Ken een van jullie mij misschien uitleggen hoe het zit met het onzerheidsprincipe. Ik snap niet waarom je niet tegerlijkertijd de impuls en de positie van een deeltje kan vaststellen.
bvd.
Je kunt het ook anders formuleren.ik snap het nog steeds niet, het is waarschijnlijk niet zo simpel.
http://sciencetalk.nl/forum/invision/in...?showtopic=7368Stel je voor dat je wilt weten waar een electron zich bevind, en hoe snel dit electron gaat. Dit zijn als het ware de belangrijkste grootheden van een deeltje. Immers als je weet hoe hard een auto gaat en waar hij is, dan weet je precies waar hij over 10 seconden is. (als hij geen bocht maakt)
Hoe zou je dat kunnen meten? De meest precieze en voorzichtige manier is om er met 1 enkel foton op af te schieten.
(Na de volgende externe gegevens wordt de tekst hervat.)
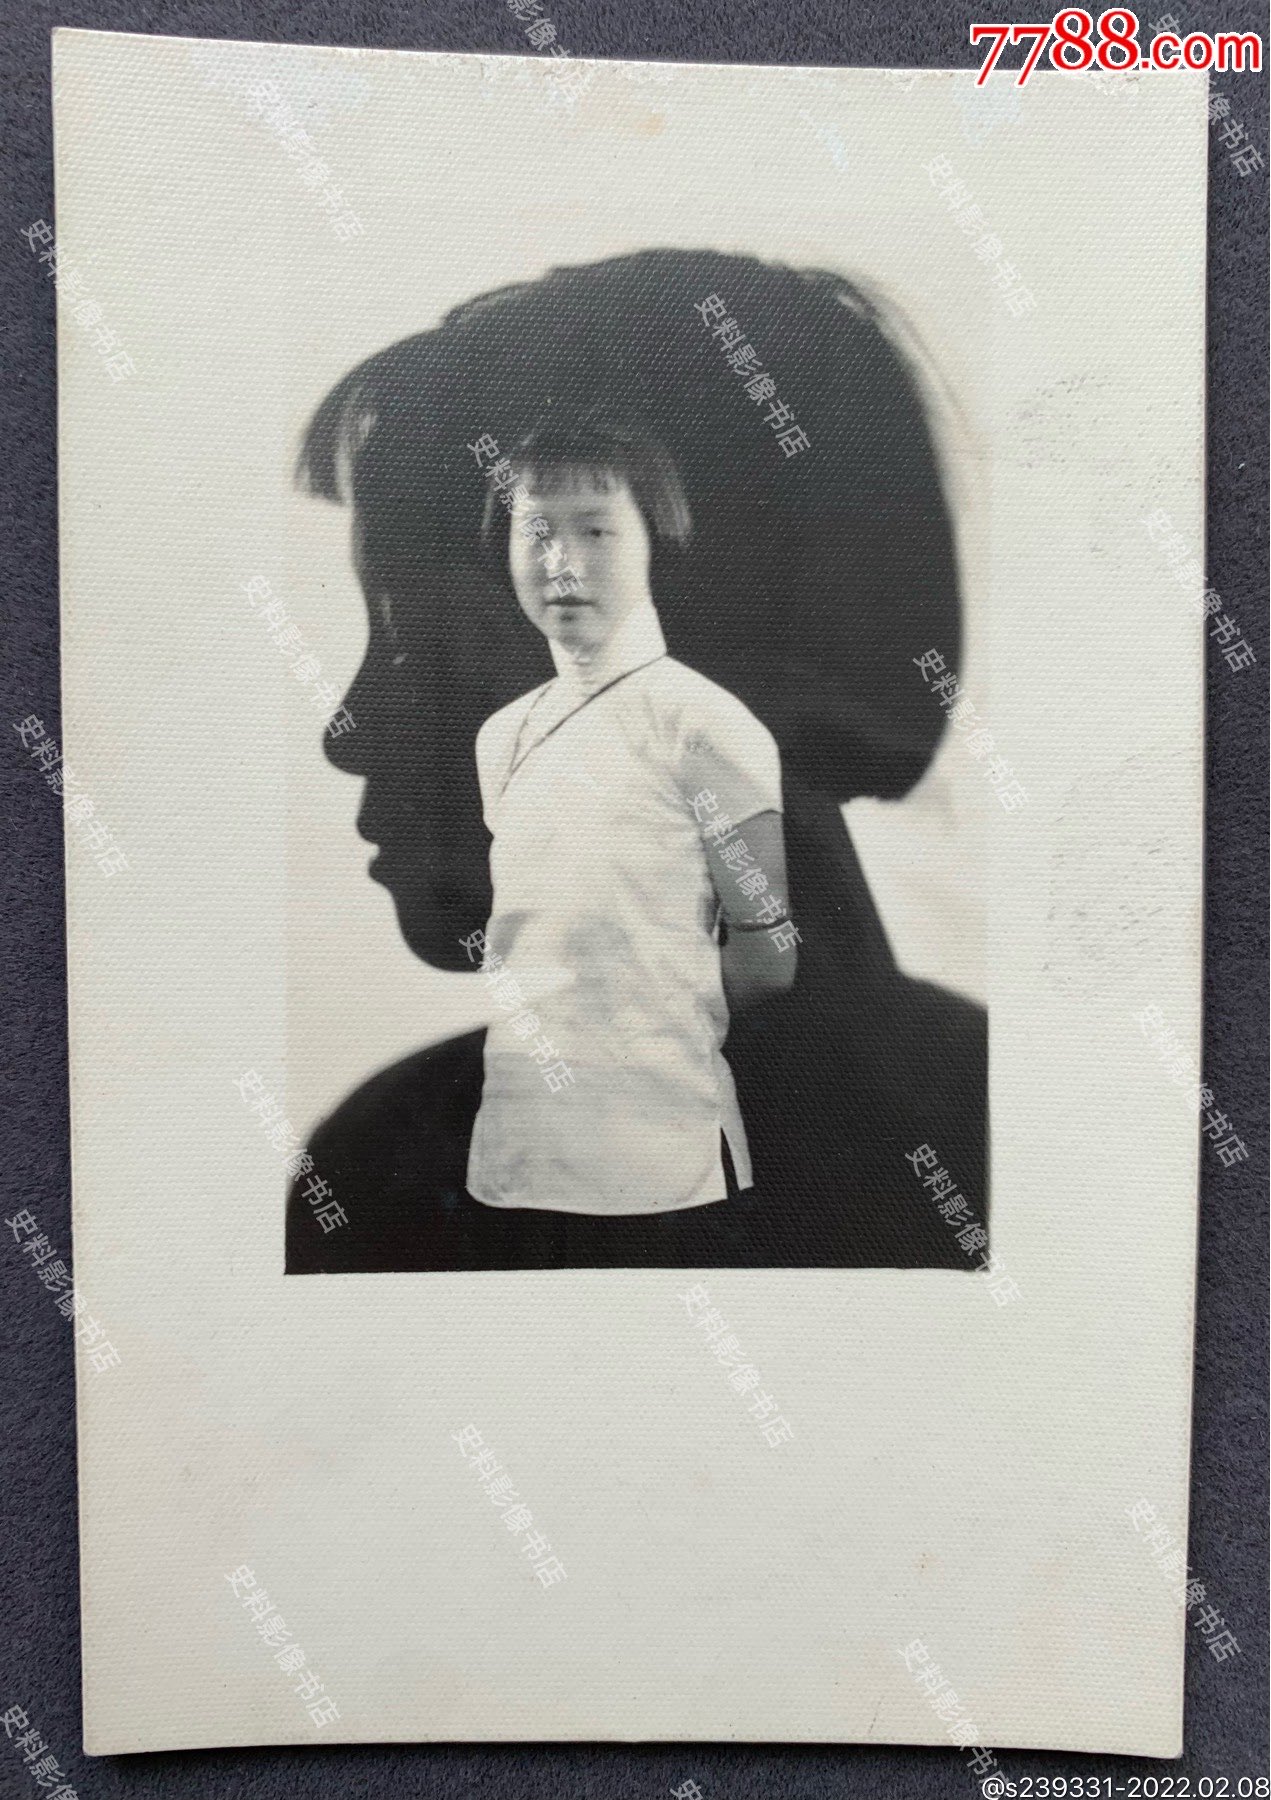 民国时期重影摄像作品短发少女肖像照一枚使用麻纹厚相纸

Je schiet met 1 foton op het electron en je kijkt hoe het foton wegketst. Zo werkt een microscoop. Licht ketst van een object af via de lens in jouw ogen. Dus het foton "verteld" hoe het eruit ziet.
Het is eigenlijk alsof je een lege sporthal hebt met daarin 1 skippybal die jij moet vinden. Je krijgt van mij een blinddoek om en je moet met behulp van allemaal volleyballen de skippybal terug vinden. Je gaat gewoon een voor een die volleyballen gooien en wacht totdat je het geluid hoort van een volleybal die tegen een skippybal aankomt.
Als je dan kijkt waar je volleybal naar toe gestuiterd is (afgeketst van de skippybal) kan je berekenen waar de skippybal was. Stel je nou voor dat je precies kan bereken waar je volleybal vandaan kwam, dan weet je dat daar de skippybal ergens moest zijn. Het probleem is dat je niet precies weet waar de skippybal was, want je volleybal is 30 cm breed. Dus je weet met een onnauwkeurigheid van 30 cm waar de skippybal was. Je kan namelijk de skippybal vol geraakt hebben met je volleybal, of maar een klein beetje, dat weet je niet, want je was geblindoekt.
Hoe zou je dan meer precies kunnen weten waar de skippybal is?
Je zou bijvoorbeeld een kleinere bal kunnen gebruiken dan een volleybal. Maar naarmate je een kleinere bal uitzoekt uit het gymlokaal, merk je dat alle kleinere ballen die er zijn, ook VEEL zwaarder zijn. De volgende bal is bijvoorbeeld een kogelstootbal. (maar iets van 10cm), dus nu weet je het 9 keer precieser waar de skippybal is. Je zou denken mooi toch, laten we een zo'n klein mogelijke bal zoeken en daarmee gaan gooien. In het electronen verhaal betekent het dat je licht gebruikt met een steeds kleinere golflengte. Je weet namelijk waar het electron is op 1 golflengte preciesie. De golflengte is namelijk de diameter van het foton (30cm bij de volleybal)
Echter:
Echter wat je vergeten was, is dat je ook over een deeltje de snelheid wilt weten. Bij een experiment bewegen de deeltjes altijd, dus dan wil je ook altijd de snelheid weten. We laten dus nu de skippybal rollen over de grond. Dus je wilt ook weten hoe snel de skippybal (je weet de massa toch wel, die verandert niet) eigenlijk gaat en waar hij is.
Nu komt de narigheid:
Je gooit dus nu met de volleybal, die erg licht is. Nu weet je vrij onprecies waar de skippybal is, maar je weet wel vrij goed hoe snel hij gaat. (je kijkt hoe hard de volleybal terug stuitert ofzo). De volleybal verstoort door haar lichte gewicht niet heel erg de snelheid van de skippeybal. Als je nou precieser wilt weten waar hij is, dan pak je de kogelstootbal, dan weet je 9x precieser waar hij is, maar dan verstoor je de snelheid vele malen meer, omdat je met een veel zwaardere bal gooit tegen de skippeybal. Je ziet zo dat je nooit zowel alles over de snelheid van de skippybal kan weten, als over waar de skippybal eigenlijk is.
Heisenbergs-onzekerheidsprincipe:
Dit is Heisenbergs onzekerheidsprincipe. Als je wilt weten waar een electron is, dan moet je hier met minimaal 1 foton op schieten. Een foton heeft een golflengte, dus je weet de lokatie nooit precieser dan de golflengte (de diameter van de volleybal) lang is. Je kan een kleinere golflengte kiezen (de kogelstootbal) maar dan wordt het licht energetischer (hoe kleiner de bal, hoe zwaarder de bal was in het voorbeeld) en dan schop je het electron harder uit zijn baan. Namelijk hoe kleiner de golflengte van licht is deste energetischer het licht is. Gamma straling heeft een enorm kleine golflengte en is ook erg energetisch. Dat maakt gammastraling dodelijk, en gewoon daglicht niet. Het verstoort het electron gigantisch qua snelheid maar je weet wel dat als je photon terug komt, dat je het electron geraakt hebt, en dat het dus ergens in dei kleine golflengte moet liggen.